Work item –
Exact reproduction of the listing is required. Pictures are not reproduced.

Given material –
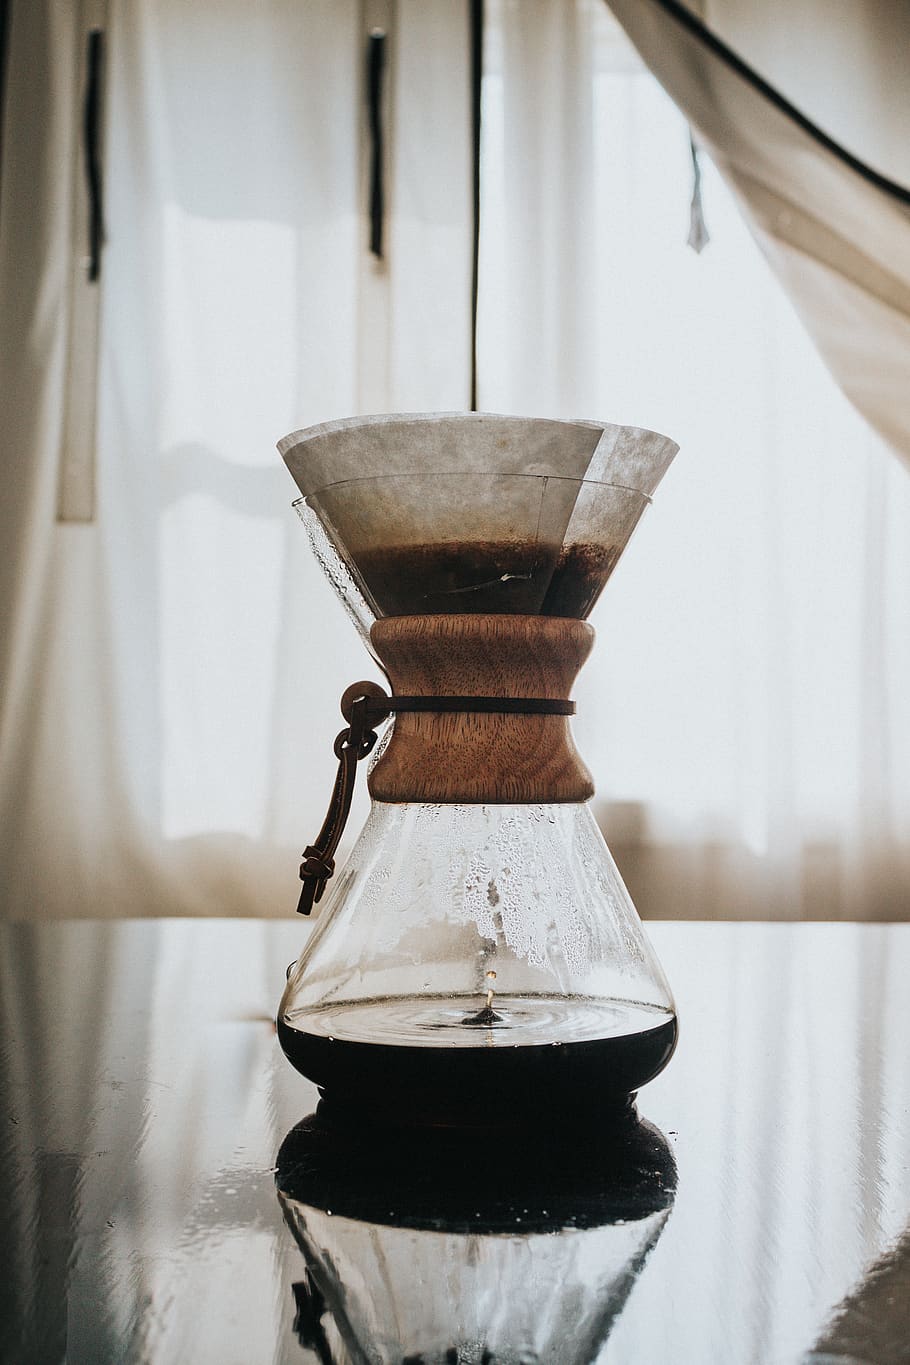 coffee, chemex, pourover, love, nature, morning, light, business
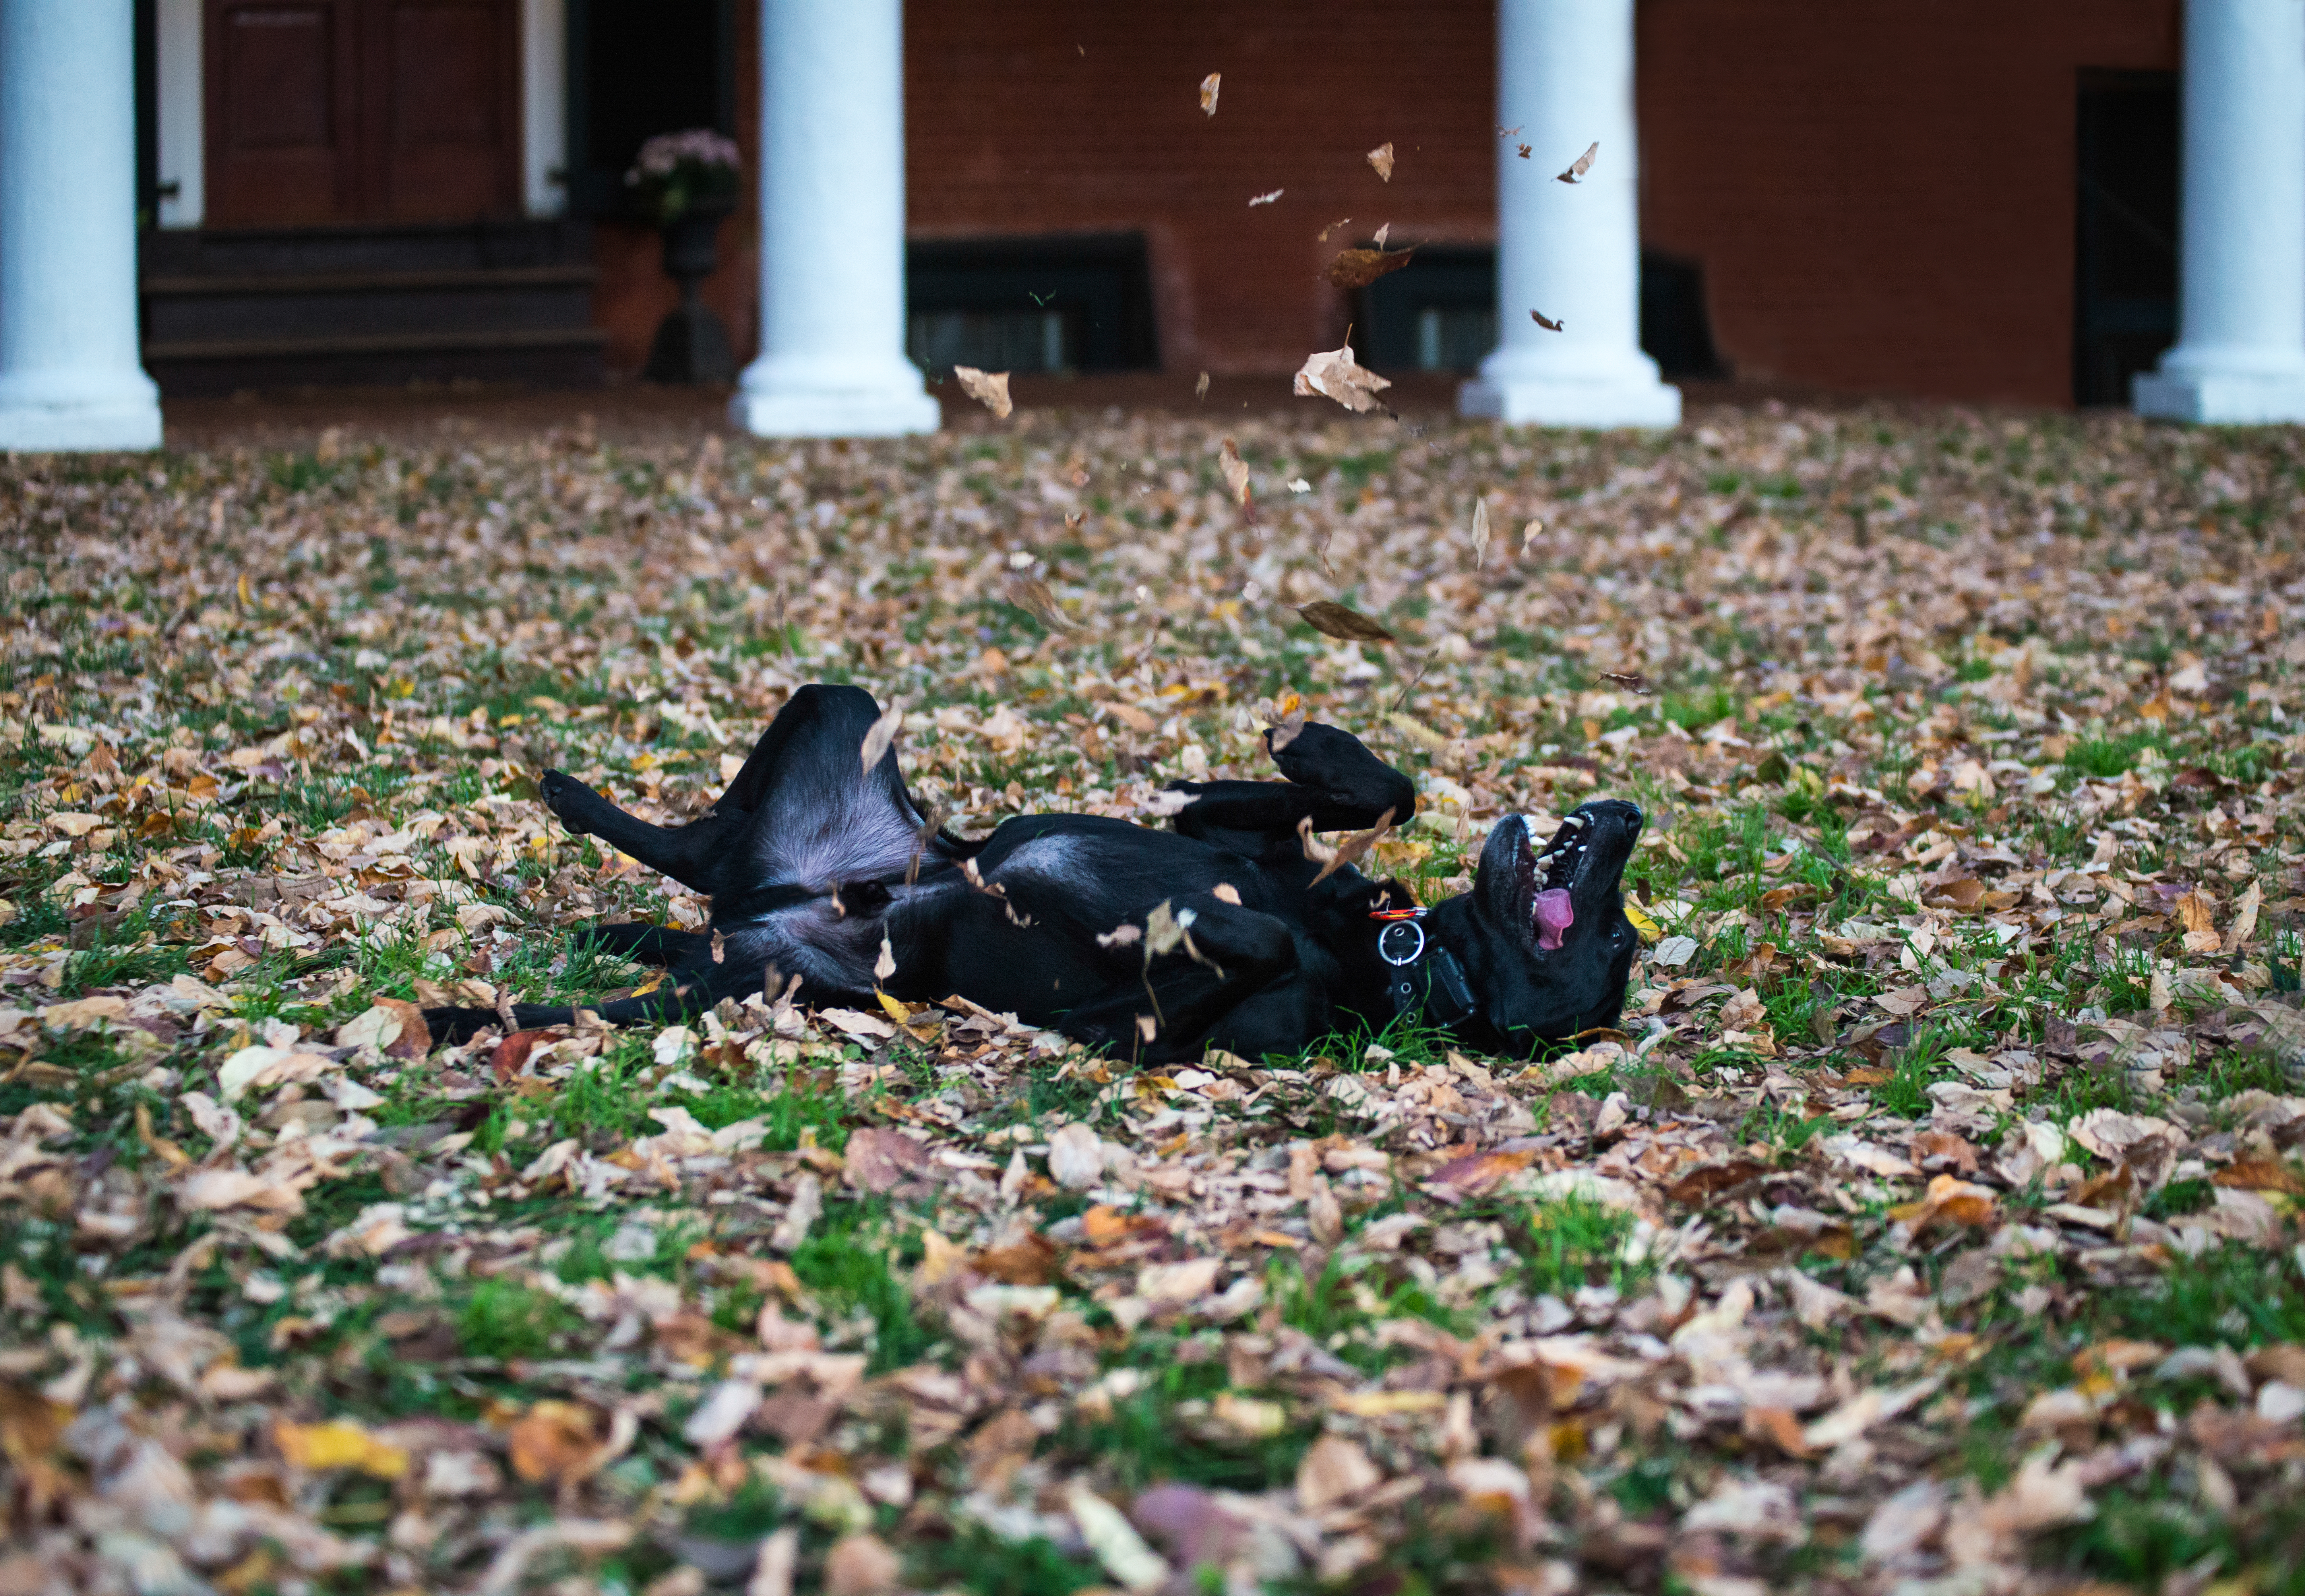 Dog rolling in leaves on the Lawn with leaves falling from the air on them.
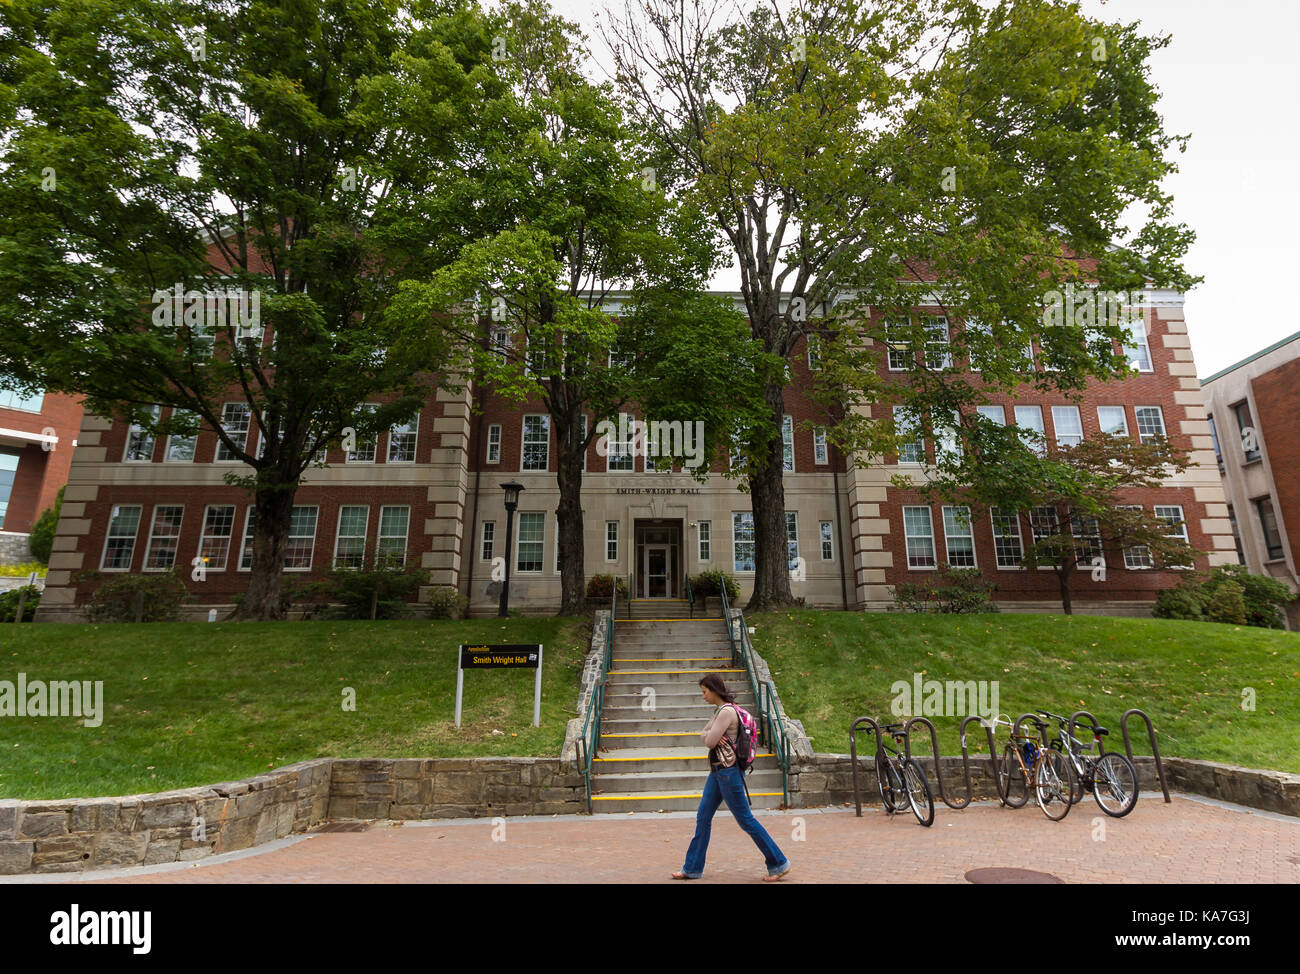 Smith-Wright Hall at Appalachian State University in Boone, NC.  Built in 1940. Stock Photo

Reply –
 coffee, chemex, pourover, love, nature, morning, light, business
 Dog rolling in leaves on the Lawn with leaves falling from the air on them.
 Smith-Wright Hall at Appalachian State University in Boone, NC.  Built in 1940. Stock Photo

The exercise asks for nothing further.